The groupby method allows you to group rows of data together and call aggregate functions

In [None]:
import pandas as pd
# Create dataframe
data = {'Company':['GOOG','GOOG','MSFT','MSFT','FB','FB'],
       'Person':['Sam','Charlie','Amy','Vanessa','Carl','Sarah'],
       'Sales':[200,120,340,124,243,350]}

In [None]:
## Be mindful of what you call
df = pd.dataframe(data)

In [None]:
df = pd.DataFrame(data)
df

In [None]:
df.shape

Now you can use the .groupby() method to group rows together based off of a column name. For instance let's group based off of Company. This will create a DataFrameGroupBy object:

In [None]:
df.groupby('Company')

In [None]:
by_comp = df.groupby("Company")
by_comp

In [None]:
## And then call aggregate methods off the object
by_comp.mean()

In [None]:
df.groupby('Company').mean()

In [None]:
df.groupby('Company').mean().reset_index()

In [None]:
by_comp.std()

In [None]:
by_comp.min()

In [None]:
by_comp.max()

In [None]:
by_comp.count()

In [None]:
by_comp.describe() # numerical description of your data 

In [None]:
by_comp.describe().transpose() # rows to columns, and columns to rows

In [None]:
by_comp.describe().transpose()["GOOG"]

In [None]:
# Creating the DataFrame 
df = pd.DataFrame({"A":[12, 4, 5, None, 1],  
                   "B":[7, 2, 54, 3, None],  
                   "C":[20, 16, 11, 3, 8],  
                   "D":[14, 3, None, 2, 6]})

df

In [None]:
index_ = ['Row_1', 'Row_2', 'Row_3', 'Row_4', 'Row_5']
df.index = index_

In [None]:
df

In [None]:
df.transform(func = lambda x : x + 10) # column by column, 

In [None]:
df.transform(func = ['sqrt', 'exp'])

### Operations

There are lots of operations with pandas that will be really useful to you, but don't fall into any distinct category.

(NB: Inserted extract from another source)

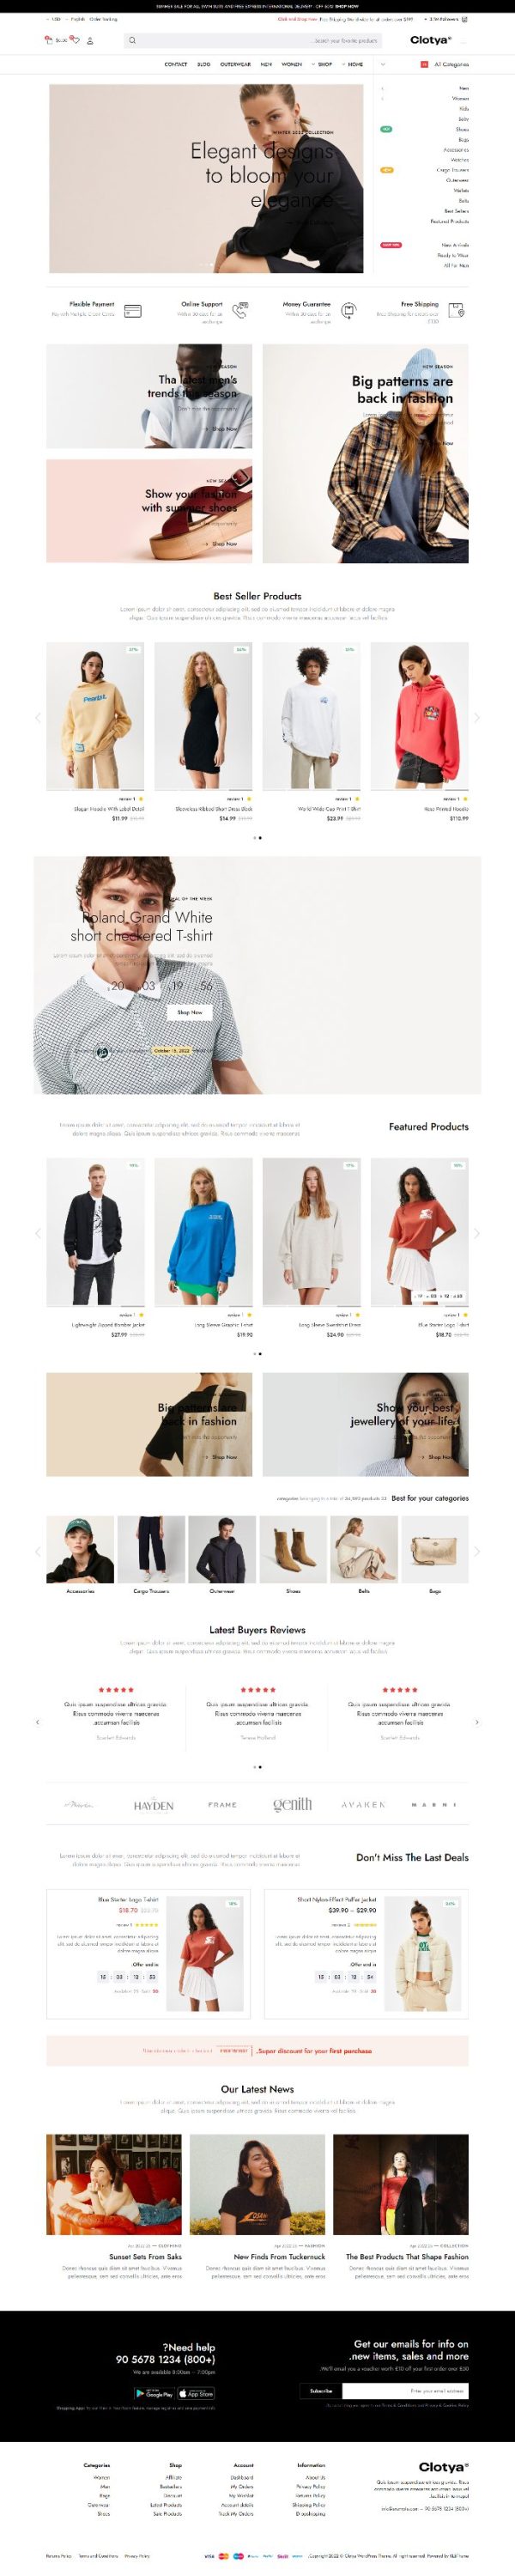 Mẫu website bán hàng thời trang - Clotya

Let's show them here in this lecture:

In [None]:
import pandas as pd
df = pd.DataFrame({'col1':[1,2,3,4],'col2':[444,555,666,444],'col3':['abc','def','ghi','xyz']})
df.head(2)

### Info on Unique Values

In [None]:
df['col2'].unique() # it only works on series 

In [None]:
df['col2'].nunique()

In [None]:
df['col2'].value_counts()

### Selecting Data

In [None]:
df

In [None]:
#Select from DataFrame using criteria from multiple columns
newdf = df[(df['col1']>2) & (df['col2']==444)]

In [None]:
newdf

### Applying Functions

In [None]:
def times2(x):
    return x*2

In [None]:
df['col1'].apply(times2)

In [None]:
df.sum()

** Permanently Removing a Column**

In [None]:
del df['col1']

In [None]:
df

** Get column and index names: **

In [None]:
df.columns # names of columns

In [None]:
df.index # names of rows/index

** Sorting and Ordering a DataFrame:**

In [None]:
df

In [None]:
df.sort_values(by='col2') #inplace=False by default

In [None]:
df

** Find Null Values or Check for Null Values**

In [None]:
df.isnull()

In [None]:
# Drop rows with NaN Values
df.dropna()

** Filling in NaN values with something else: **

In [None]:
import numpy as np

In [None]:
df = pd.DataFrame({'col1':[1,2,3,np.nan],
                   'col2':[np.nan,555,666,444],
                   'col3':['abc','def','ghi','xyz']})
df.head()

In [None]:
df.fillna('FILL')

In [None]:
data = {'A':['foo','foo','foo','bar','bar','bar'],
     'B':['one','one','two','two','one','one'],
       'C':['x','y','x','y','x','y'],
       'D':[1,3,2,5,4,1]}

df = pd.DataFrame(data)

In [None]:
df

In [None]:
df.pivot_table(values='D',index=['A', 'B'],columns=['C'])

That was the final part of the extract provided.